Конечно, многие мои сверстники, как, впрочем, и я – принимались уговаривать родителей, чтобы как-нибудь всё-таки посетить это волшебное заведение, оказаться внутри магического купола. И однажды мне это удалось. В один из выходных дней мы попали на очередное представление. Здесь, в этом месте повествования, я мог бы приврать и приукрасить этот редкий момент своей биографии – рассказать, как меня впечатлили отчаянные воздушные акробаты, или ловкие жонглёры, или храбрые дрессировщики диких зверей, или клоуны, которые время от времени выскакивали на посыпанную опилками арену и кривлялись на потеху публики. Рассказать в красках, с эмоциями… Но делать этого не стану – не потому, что мне не понравился цирк, напротив, всё представление целиком глубоко и надолго запало в мою память, как один из самых ярких эпизодов детства.
Но вот один цирковой артист всё же произвел на меня тогда просто ошеломляющее, неизгладимое впечатление. Это был силовой акробат Григорий Новак, о котором я тогда ничего не знал, но о котором сегодня любой может прочитать в Интернете. Прочитать и убедиться, что это был поистине выдающийся человек своего времени – советский Геркулес, непревзойденный многолетний чемпион и рекордсмен мира по тяжелой атлетике, впоследствии ставший цирковым артистом. И мне, шестилетнему пацану, довелось видеть его феноменальные силовые трюки на расстоянии, как говорится, вытянутой руки. И я счастлив, что в моей жизни случился такой эпизод.
 ***
А во дворе тем временем кипела своя жизнь. Игры с мячом – “Выбивной” или “Штендер-пендер” были частью обязательной программы. Как и догонялки в “Квача”, “Прятки”, “Казаки-разбойники” или “Войнушка”. Полагаю, что нет необходимости рассказывать о каждой игре отдельно.
Но вот о других занятиях – так сказать, более продвинутых, я сегодня вспоминаю с какою-то особой теплотой и даже трепетом. Одним из таких занятий была увлекательная игра в монеты, и прежде чем рассказать о своем в ней участии, приведу цитату из Интернета.

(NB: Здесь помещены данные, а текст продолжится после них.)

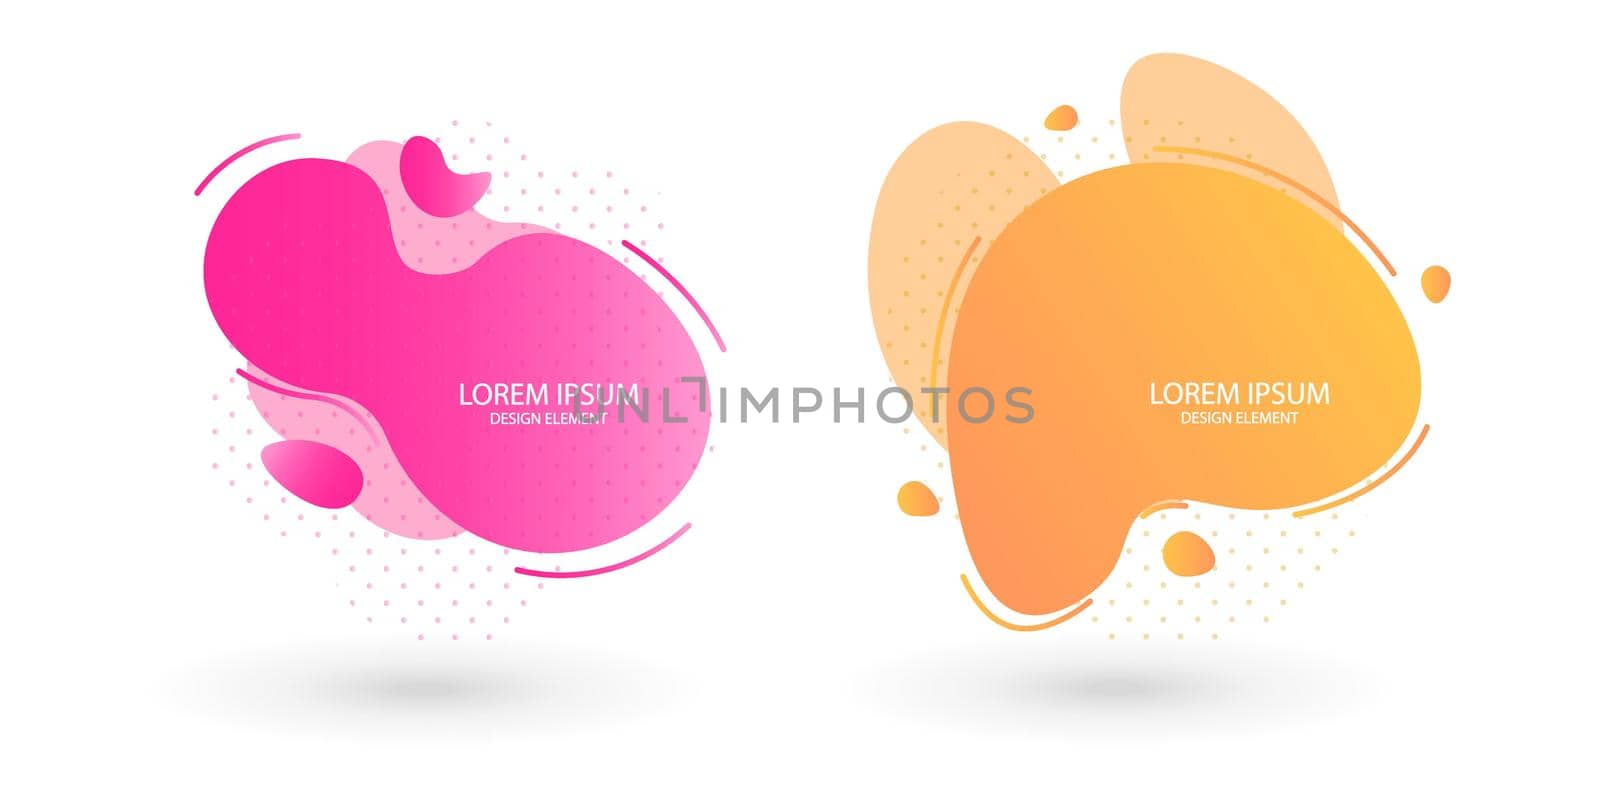 Fluid frame isolated on white background. Set of abstract liquid shapes, colorful elements, gradient waves with geometric lines, dynamical forms. Vector flat design for banners, flyers, business cards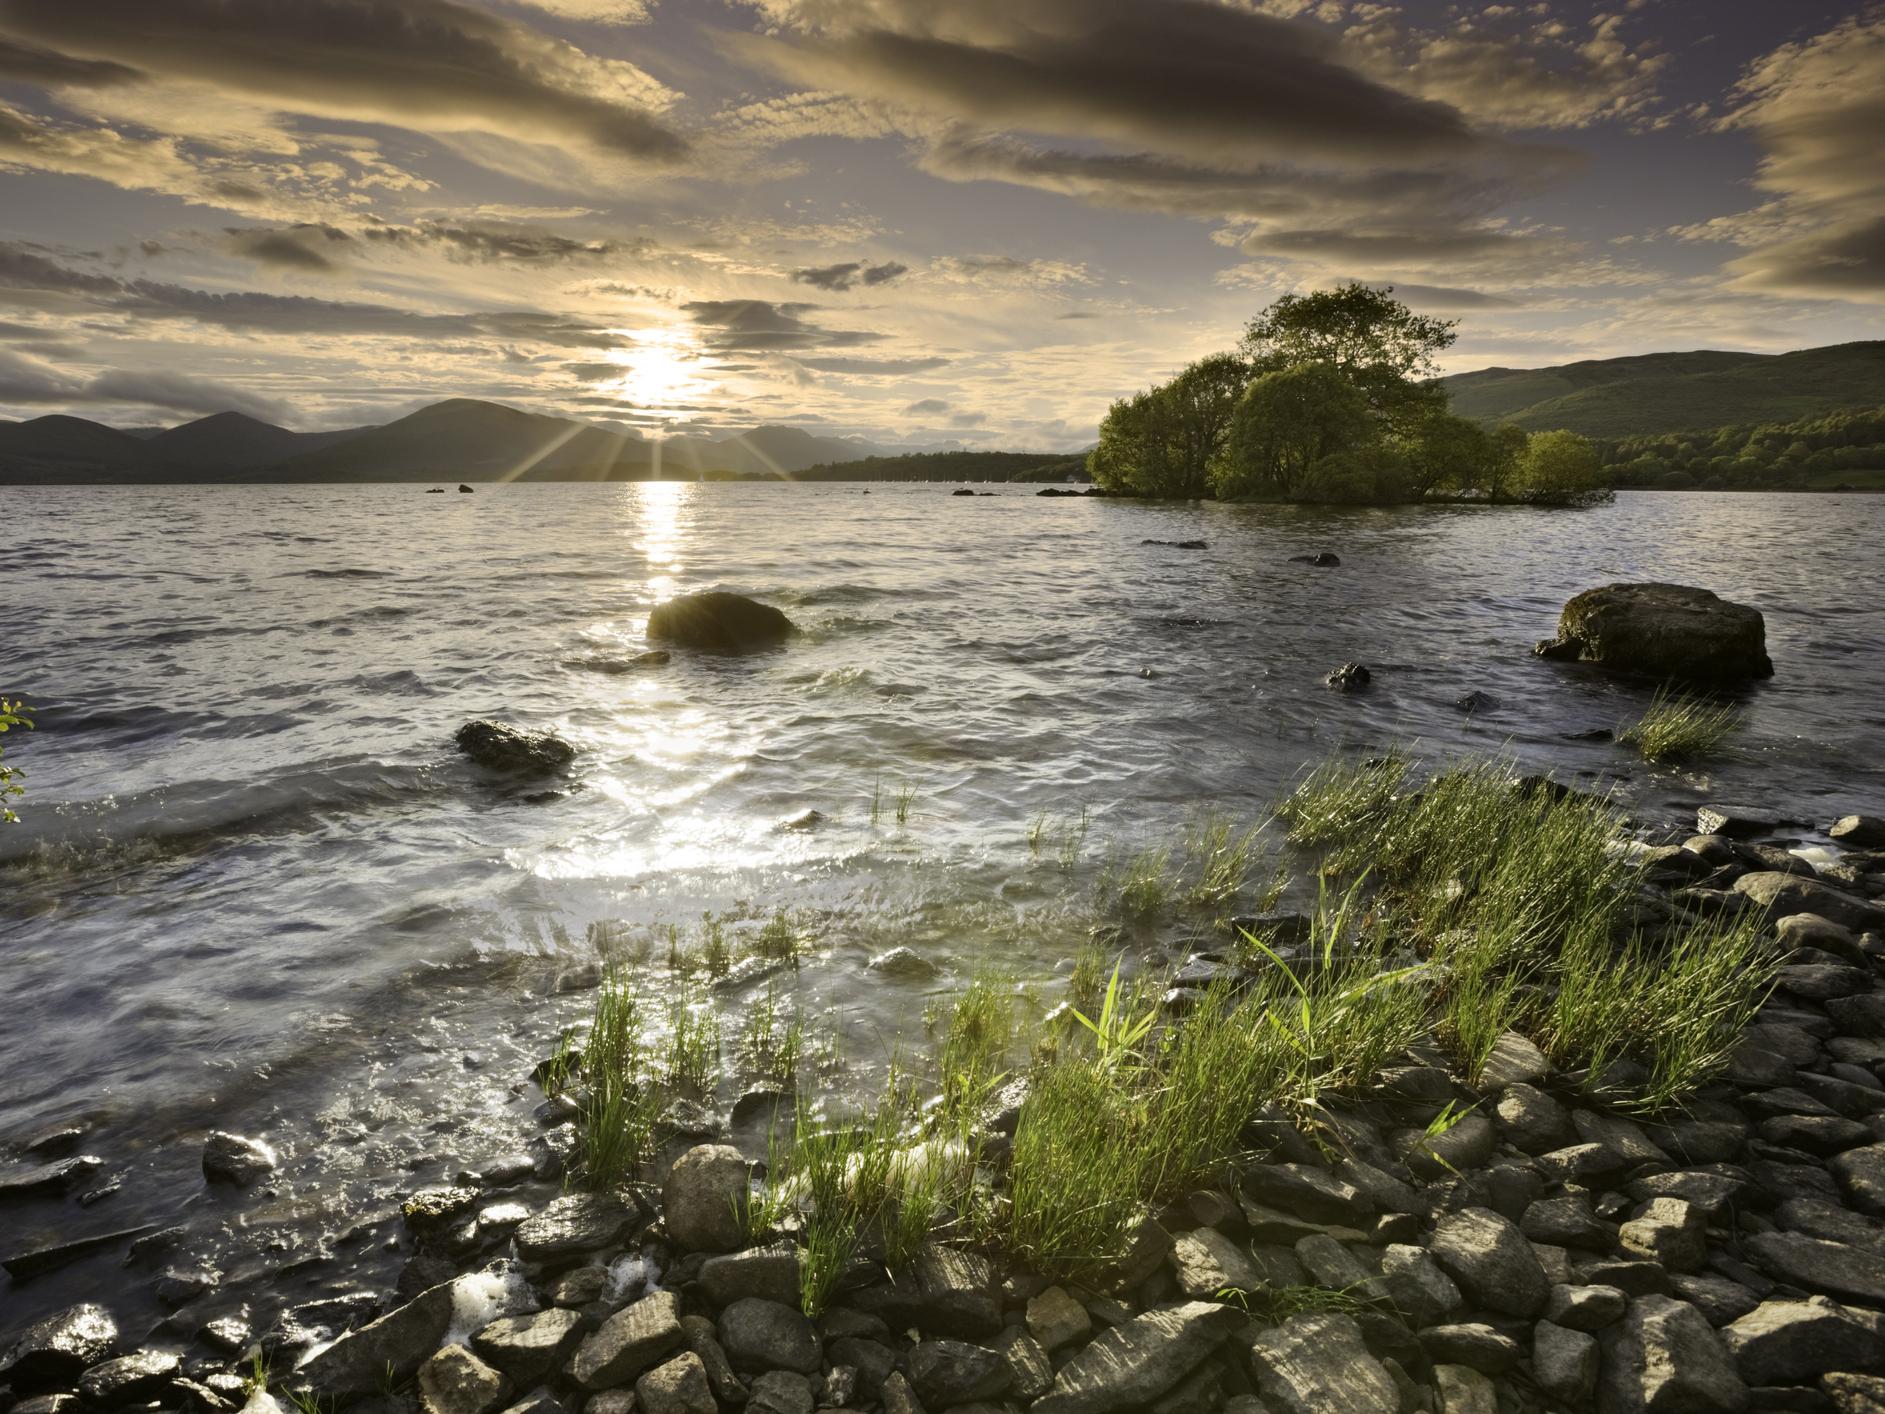 Even Loch Lomond contained traces of plastic pollution

“Как у всякой игры, у расшибалочки есть множество различающихся в мелких деталях вариантов, но основная идея всюду одинаковая. Каждый игрок дает(вносит в банк) по монете равного достоинства. Монеты укладываются в стопку одной стороной вверх (где-то орлами, где-то решками). С расстояния в несколько метров каждый из игроков бросает свою биту (свинцовую плашку или шайбу из другого металла). Тот, чья бита с первого же броска разбивает стопку, забирает все монеты. Если никто не попал, начинается второй этап, когда игроки подбирают свои биты и становятся в очередь, где первым – тот, чья бита легла ближе всего к стопке. Этот игрок разбивает битой стопку («разбивает кон») и забирает себе все перевернувшиеся монеты. Далее он старается перевернуть монеты по одной, ударяя своей битой по ее краю; когда очередная попытка не удается, ход передается следующему игроку, и так до тех пор, пока не будет перевернута последняя монета. Потом всё начинается сначала.”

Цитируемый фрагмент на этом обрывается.